*** Collected data Section Begins ***

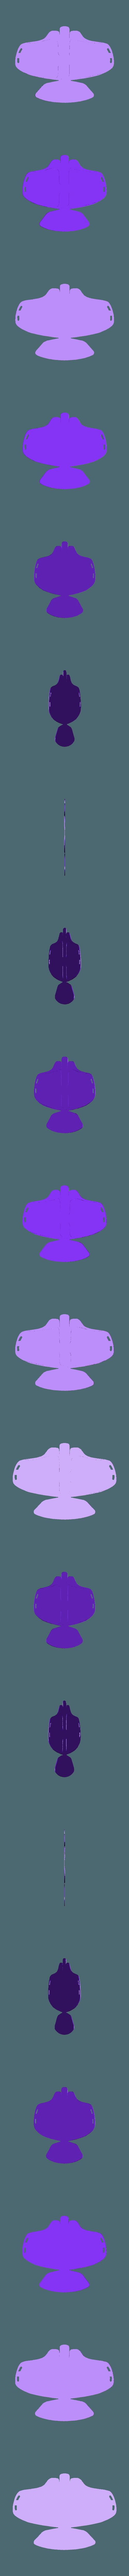 mascarilla mark 4 (thick).stl Download free STL file Mask 3D NanoHack Improved (MassProductionVersion) • 3D printing model, Tonystark112
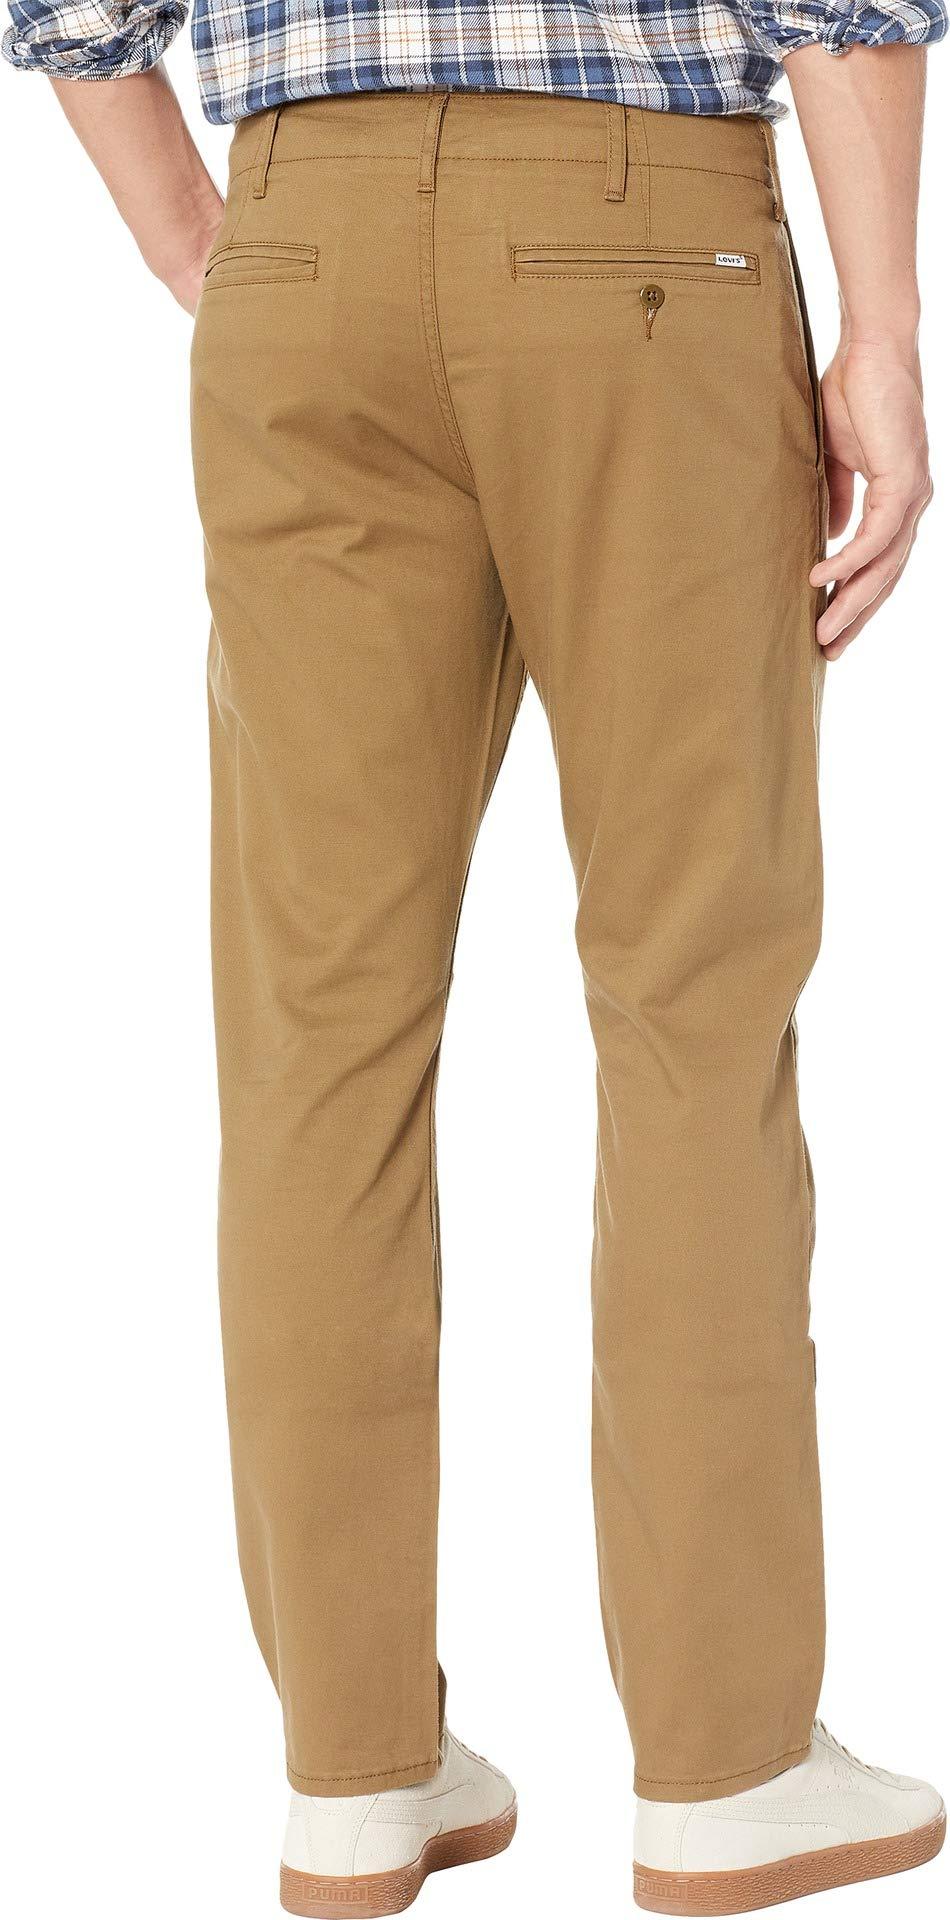 733001a59f7 Levi's Men's 502 Regular Taper Fit Chino Pant | Jodyshop
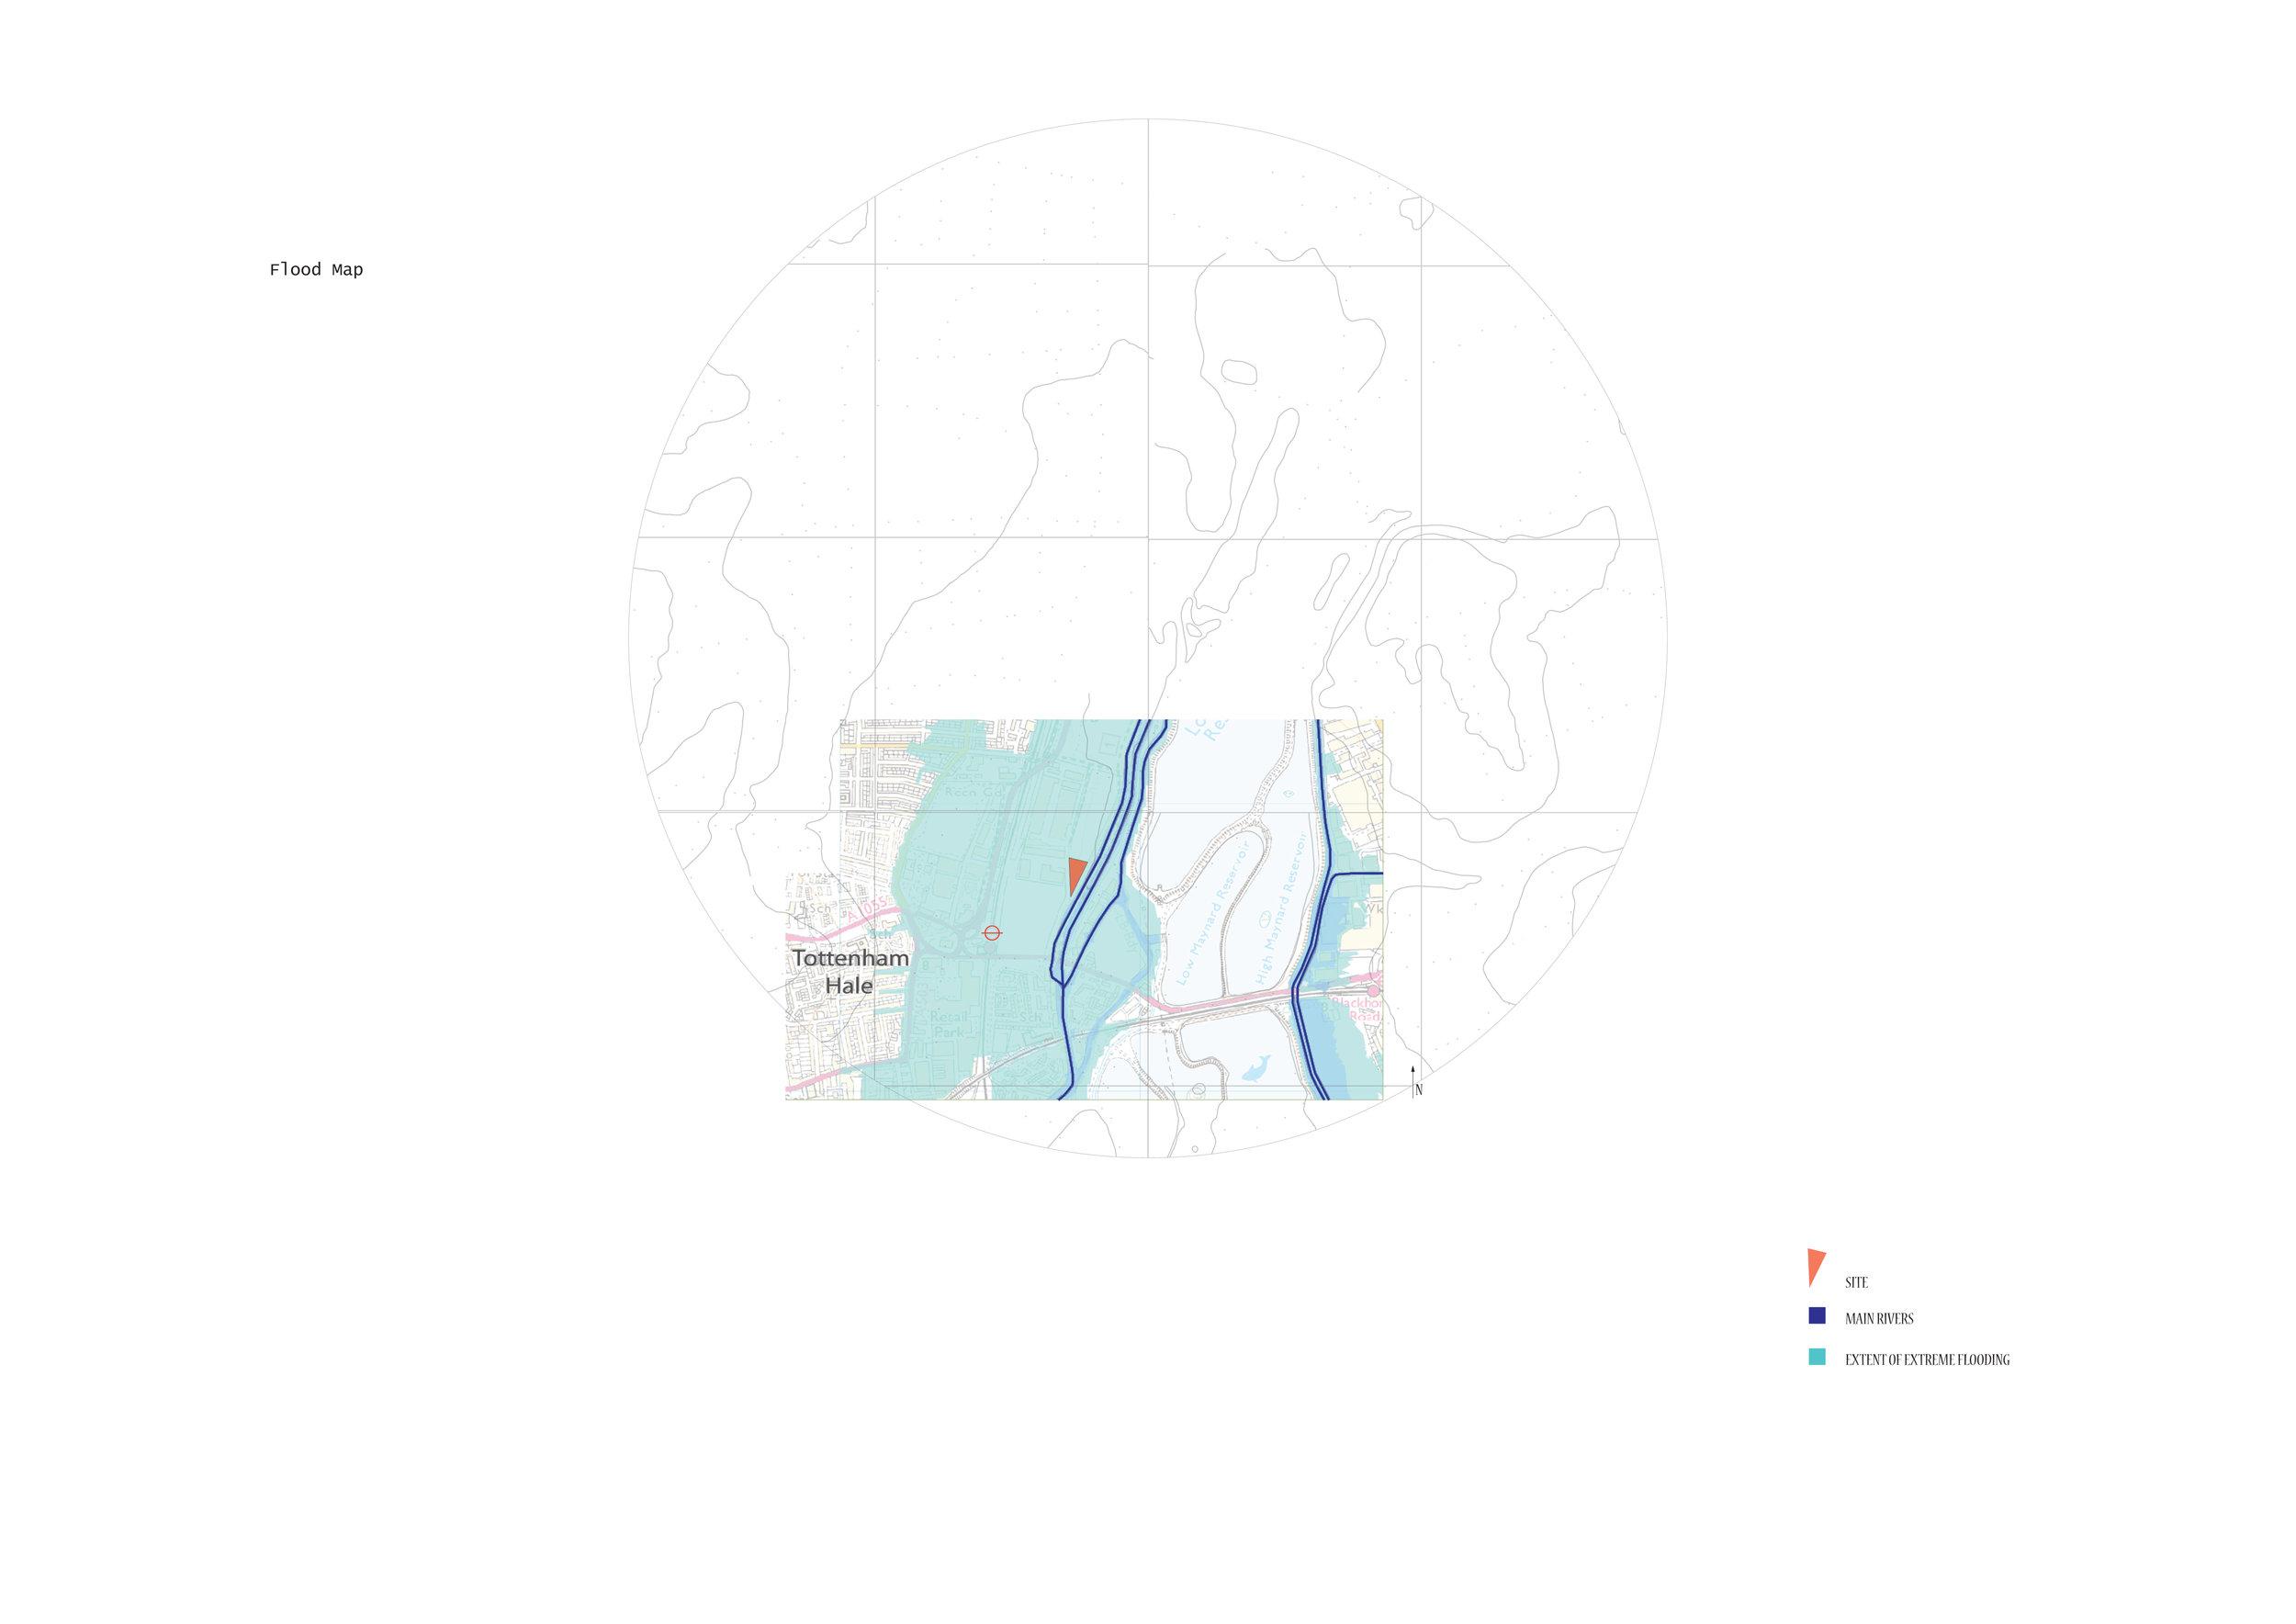 Diagram04_FloodMap.jpg

*** Collected data Section Ends ***

▶ _What you should do_: Restate the whole listing above exactly, please, omitting every image.

▶ _Answer to this task_:
 mascarilla mark 4 (thick).stl Download free STL file Mask 3D NanoHack Improved (MassProductionVersion) • 3D printing model, Tonystark112
 733001a59f7 Levi's Men's 502 Regular Taper Fit Chino Pant | Jodyshop
 Diagram04_FloodMap.jpg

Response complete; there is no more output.